Dear UM Family,
As we prepare to welcome students to campus for fall semester, we do so in a world that is dramatically changed from only a few months ago. The pandemic has impacted the ways we interact with one another and focused our attention on protecting the most vulnerable among us. Likewise, the killing of George Floyd has caused us to examine our hearts and our actions as we confront the issue of racial inequity in the distribution of justice in our country.
This week, I received an email from a recent graduate who loves her university, but also urges us to do more. She asked that we send a statement saying that we care and show people that Christianity believes in unity. I told her I disagreed with one thing she said – I feel it is not enough to “say” that we care. Actions speak louder than words. To that end, this fall we will form a diversity committee of students, faculty and staff to assess diversity on campus and recommend initiatives. Before the COVID situation forced us to move online, I had met with local government and school officials about partnerships that would lead to more minority students from our community at the university. We have been discussing partnerships where our faculty would go to these schools to help assist their students in preparing for college. I look forward to resuming those conversations, and initiating many more.
The world is a broken place, and there is much to do. Yet in the midst of this brokenness, there is Hope. Jesus gave us the guiding principle for us all to follow. He never said that we would be counted among His followers based on our political party, the color of our skin, or our economic status. In John 13:35, He said we would be known as His disciples if we love one another. I am troubled that so many in our world only deal in hate. Dr. Martin Luther King, Jr. beautifully expressed the futility of this path when he noted that “darkness cannot drive out darkness; only light can do that. Hate cannot drive out hate; only love can do that.” The love that the world needs today comes from the sincere desire to be like Jesus.
May we never as a nation or as a university think that we have perfected Christ-like love. The goal of the framers of the United States Constitution was to form a “more perfect” Union. This is still a work in progress. My prayer is that we all do our part in Christ-like love to keep pressing toward that goal.
The University of Mobile exists to shine the light of Christ’s love throughout this broken world. We do this through all alumni, students, faculty, staff and supporters who live out this belief.
We do this through you.
Lonnie Burnett, PhD
President
University of Mobile
Lonnie Burnett, Ph.D., is the fifth president of his alma mater, the University of Mobile. A long-time professor of history, dean and administrator at UM, Dr. Burnett previously taught U.S. history at the middle and high school levels in the Mobile County Public School System. Dr. Burnett has served as a member of the Saraland City School Board since 2010 and was one of five school board members statewide to be named to the 2017 All-State School Board by the Alabama Association of School Boards.

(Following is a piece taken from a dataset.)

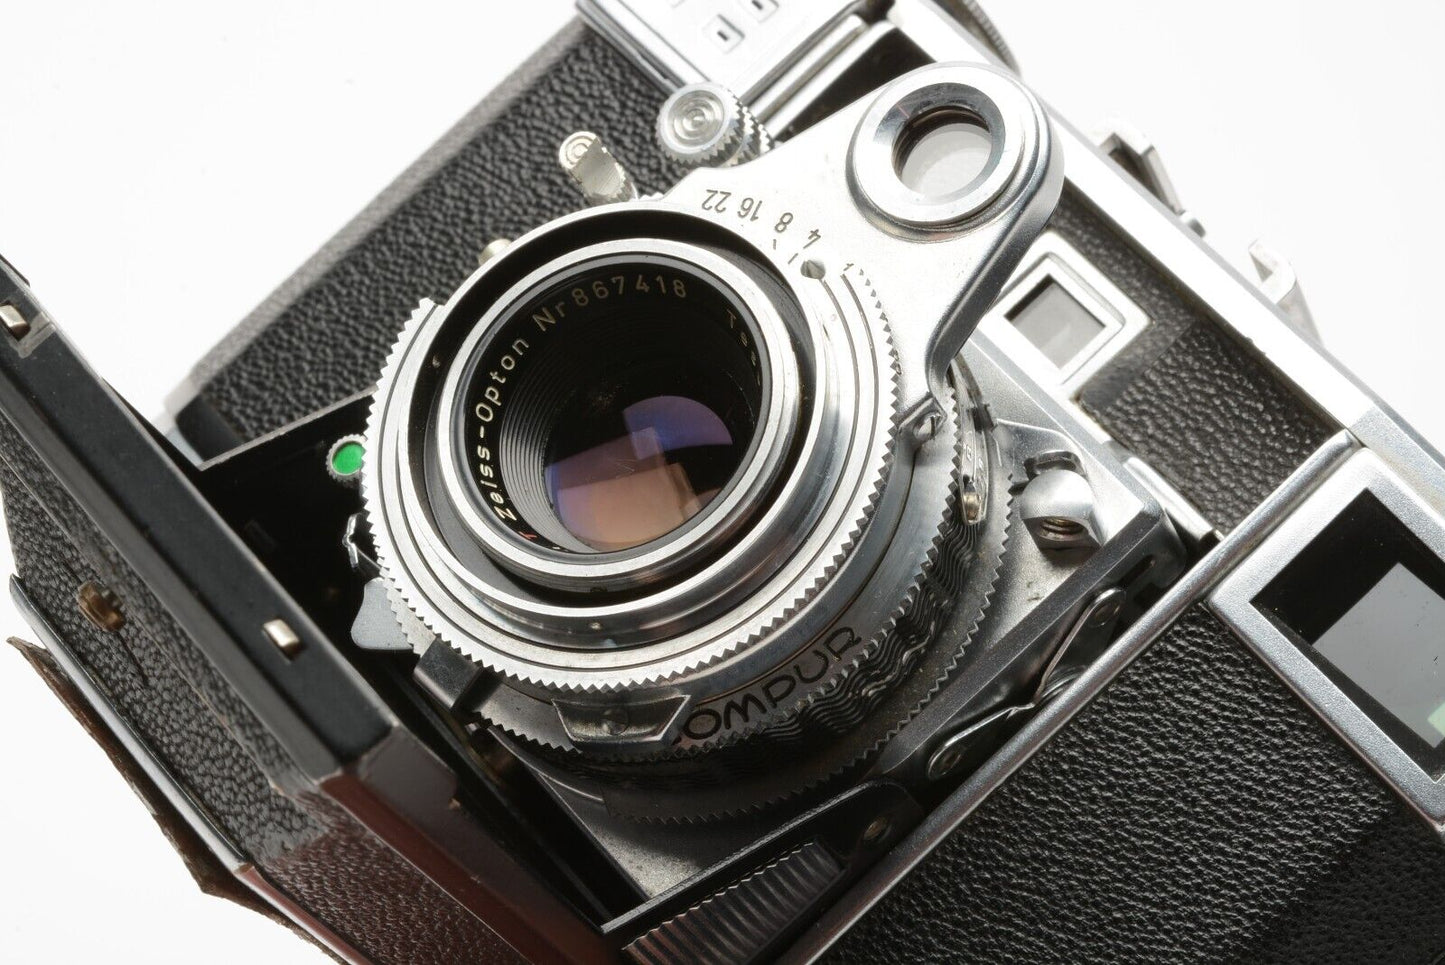 EXC++ ZEISS IKON CONTESSA 35mm CAMERA w/45mm F2.8 LENS, TESTED, WORKS GREAT!
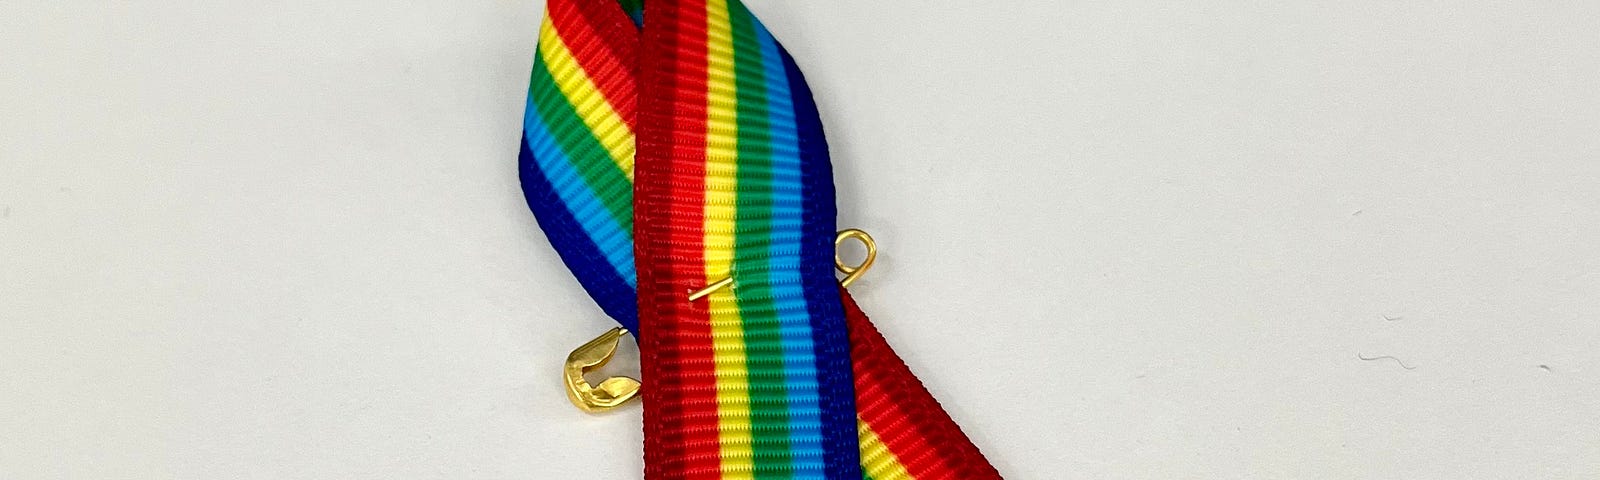 A rainbow ribbon secured with a safety pin.

He received the university’s Mitford Ray Megginson Research Award in 2006 and is the author of two books published by the University of Alabama Press, “Henry Hotze: Confederate Propagandist,” and “The Pen Makes a Good Sword: John Forsyth of the Mobile Register.” He has written numerous articles, book chapters and reviews, and is managing editor for The Alabama Review, a quarterly journal of Alabama history published by the Alabama Historical Association in cooperation with the University of Mobile. He is an active member of Redemption Church in north Mobile. His wife, Lynne, and daughter, Lauren Burnett Wetzel, are both University of Mobile graduates.